Les meilleurs se trompent d’ailleurs dans leurs mots quand ils leur demandent
d’exprimer le subtil, parfois l’inexprimable. Je crois cependant que vous ne
resteriez pas sans réponses si vous vous teniez à des choses comme celles qui
refont actuellement mes yeux. Si vous vous accrochez à la nature, à ce qu’il y
a de simple en elle, de petit, à quoi presque personne ne prend garde, qui,
tout à coup, devient l’infiniment grand, l’incommensurable, si vous étendez
votre amour à tout ce qui est, si très humblement vous cherchez à gagner en
serviteur la confiance de ce qui semble misérable, – alors tout vous deviendra
plus facile, vous semblera plus harmonieux et, pour ainsi dire, plus
conciliant. Votre entendement restera peut-être en arrière, étonné : mais votre
conscience la plus profonde s’éveillera et saura. Vous êtes si jeune, si neuf
devant les choses, que je voudrais vous prier, autant que je sais le faire,
d’être patient en face de tout ce qui n’est pas résolu dans votre coeur.
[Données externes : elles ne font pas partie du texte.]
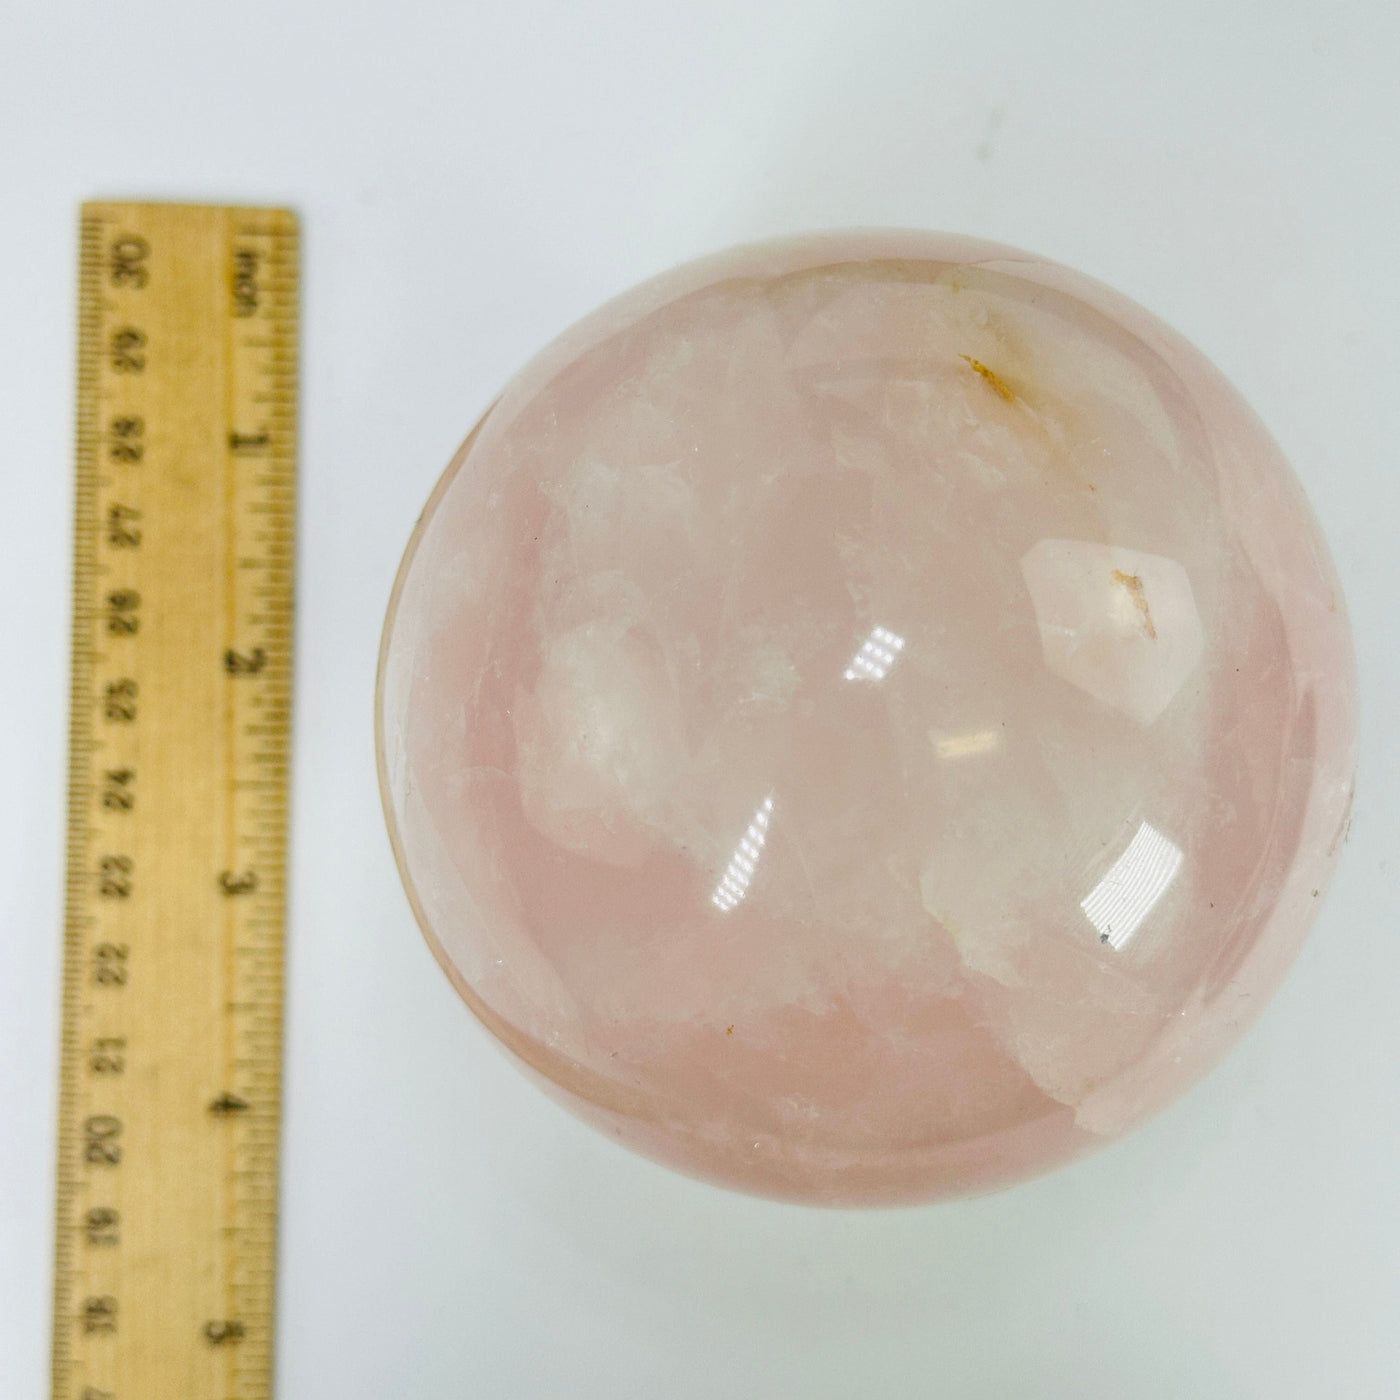 rose quartz sphere next to a ruler for size reference

Efforcez-vous d’aimer vos questions elles-mêmes, chacune comme une pièce qui
vous serait fermée, comme un livre écrit dans une langue étrangère. Ne cherchez
pas pour le moment des réponses qui ne peuvent vous être apportées, parce que
vous ne sauriez pas les mettre en pratique, les « vivre ». Et il s’agit
précisément de tout vivre. Ne vivez pour l’instant que vos questions.
Peut-être, simplement en les vivant, finirez-vous par entrer insensiblement, un
jour, dans les réponses."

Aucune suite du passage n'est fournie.